While the node syncs properly for the first while, journalctl reports the expected Chain extended, new tip message. Once it reaches the slot 27059485 however, the Chain extended logging stops and instead journalctl reports a collection of Info messages related to peers and connections which repeat continually, as shown by this log snippet:

[2023-07-02 22:17:16.92 UTC] TrConnectionManagerCounters (ConnectionManagerCounters {fullDuplexConns = 1, duplexConns = 26, unidirectionalConns = 4, inboundConns = 1, outboundConns = 32})
[2023-07-02 22:17:16.92 UTC] PeerStatusChanged (ColdToWarm (Just 185.15.244.215:3001) 144.24.168.10:3003)
[2023-07-02 22:17:16.92 UTC] TracePromoteColdDone 40 30 144.24.168.10:3003
[2023-07-02 22:17:16.92 UTC] PeerSelectionCounters {coldPeers = 50, warmPeers = 28, hotPeers = 2, localRoots = []}
[2023-07-02 22:17:16.92 UTC] TrInboundGovernorCounters (InboundGovernorCounters {coldPeersRemote = 12,
[2023-07-02 22:17:16.99 UTC] TrConnectionManagerCounters (ConnectionManagerCounters {fullDuplexConns = 1, duplexConns = 26, unidirectionalConns = 4, inboundConns = 1, outboundConns = 33})
[2023-07-02 22:17:17.10 UTC] TrConnectionHandler (ConnectionId {localAddress = 185.15.244.215:3001, remoteAddress = 35.185.48.55:3002}) (TrHandshakeSuccess NodeToNodeV_10 (NodeToNodeVersionData {networkMagic = NetworkMagic {unNetworkMagic = 1}, diffusionMode = InitiatorAndResponderDiffusionMode, peerSharing = NoPeerSharing,
[2023-07-02 22:17:17.10 UTC] TrConnectionManagerCounters (ConnectionManagerCounters {fullDuplexConns = 1, duplexConns = 27, unidirectionalConns = 4, inboundConns = 1, outboundConns = 33})
[2023-07-02 22:17:17.10 UTC] PeerStatusChanged (ColdToWarm (Just 185.15.244.215:3001) 35.185.48.55:3002)
[2023-07-02 22:17:17.10 UTC] TracePromoteColdDone 40 31 35.185.48.55:3002
[2023-07-02 22:17:17.10 UTC] TrInboundGovernorCounters (InboundGovernorCounters {coldPeersRemote = 12,
[2023-07-02 22:17:17.10 UTC] PeerSelectionCounters {coldPeers = 49, warmPeers = 29, hotPeers = 2, localRoots = []}

My configuration files are straight from the official cardano docs and I have not altered them in any way because I'm not familiar enough with them.

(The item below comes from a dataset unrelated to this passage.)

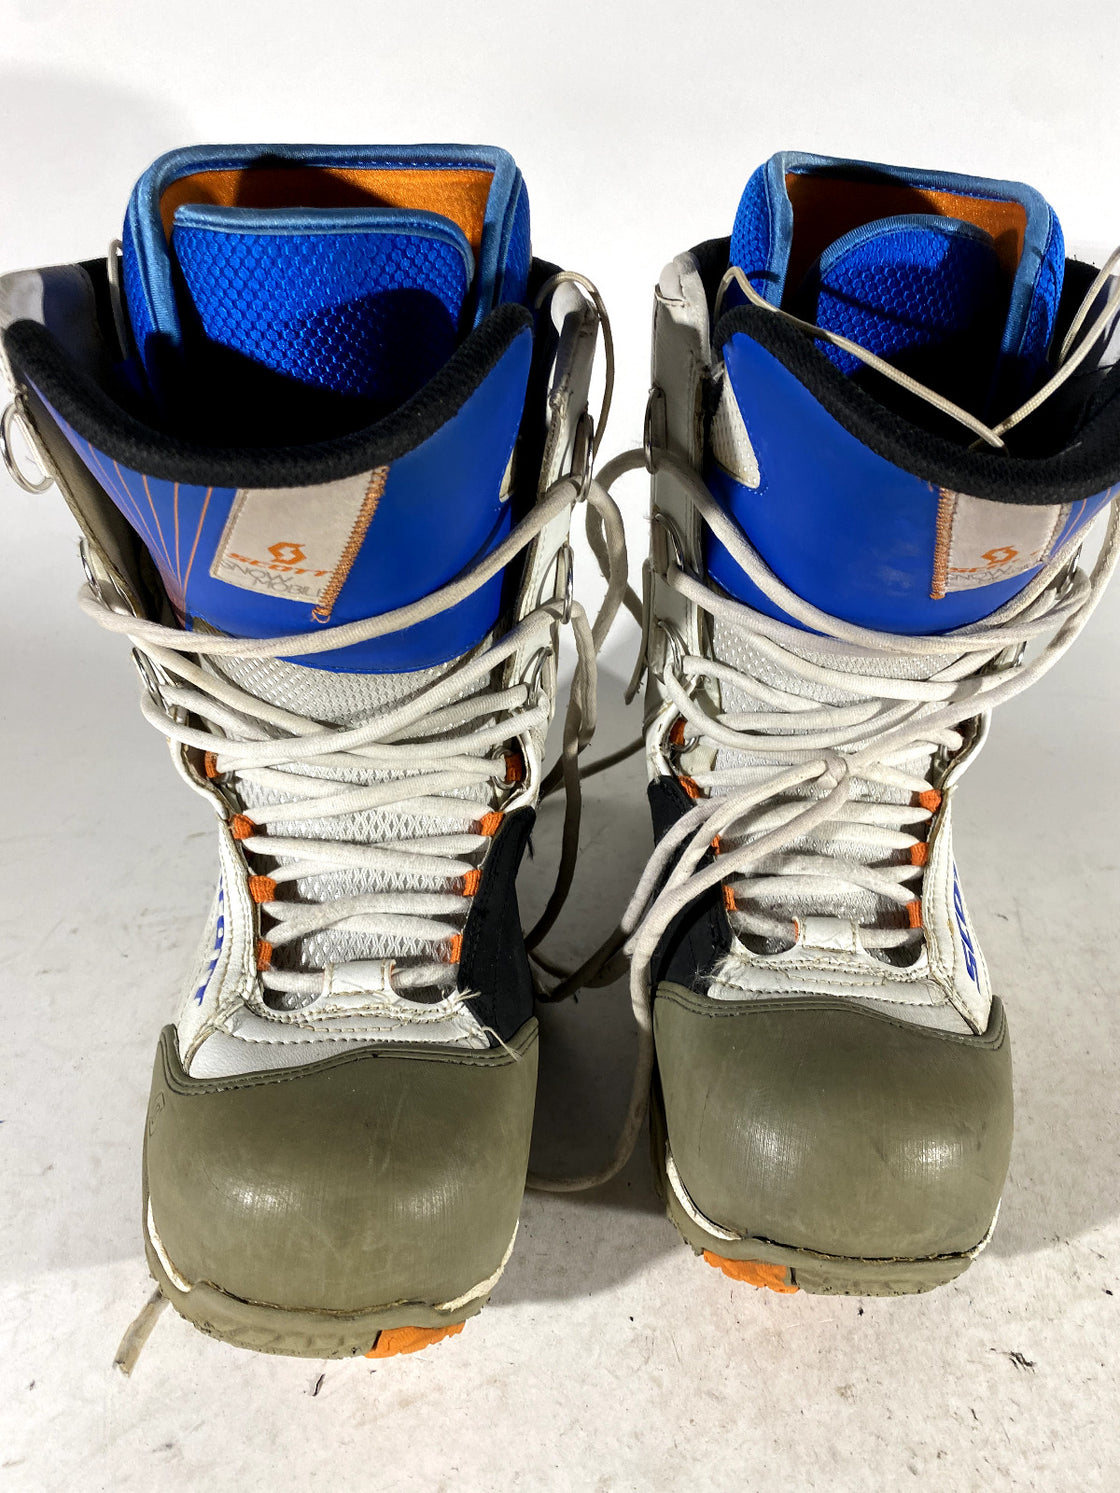 SCOTT Snowboard Boots Size EU41 US8 UK7 Mondo 255 mm

I'm at quite a loss as to how to fix this so my node can sync to the preproduction testnet properly, and any help would be appreciated.

Zsargul commented 1 year ago

Update: I have configured another node, using the preview testnet configuration files instead of preproduction testnet and it has fully synced after about 2 hours. I suppose this implies that there is something wrong with the .json files used for my preproduction configuration.

GrzegorzDrozda commented 1 year ago

I have the same error with same config. Just to add I found following error:

TrConnectionHandler (ConnectionId {localAddress = 10.64.0.68:3010, remoteAddress = 140.238.99.46:6000}) (TrConnectionHandlerError OutboundError (InvalidBlock (At (Block {blockPointSlot = SlotNo 27059560, blockPointHash = c3bd77f34ebf5c6aeccf11e19103c949dfa21fa17377dca674da3bae56d4fa5a})) a634bc4cb56255b20a35a2ca6958a17225a40296cd3fbeb484e6abe3af6cb76c (ValidationError (ExtValidationErrorLedger (HardForkLedgerErrorFromEra S (S (S (S (S (Z (WrapLedgerErr {unwrapLedgerErr = BBodyError (BlockTransitionError [ShelleyInAlonzoBbodyPredFailure (LedgersFailure (LedgerFailure (UtxowFailure (MalformedReferenceScripts (fromList [ScriptHash "9adac5980bfb37b1dade70f7bc4de76f34a7f305c9dcdbe2c00d5f5c"])))))])})))))))))) ShutdownPeer)
nexuscrypt commented 1 year ago

I have the same issue.

nexuscrypt commented 1 year ago

Fix:

1) Downgrade to 1.35.6 and delete DB 2) Let node sync 3) Upgrade to 8.1.1

Should be working after this.

github-actions[bot] commented 1 year ago

This issue is stale because it has been open 30 days with no activity. Remove stale label or comment or this will be closed in 120 days.

github-actions[bot] commented 10 months ago

This issue was closed because it has been stalled for 120 days with no activity. Remove stale label or comment or this will be closed in 60 days.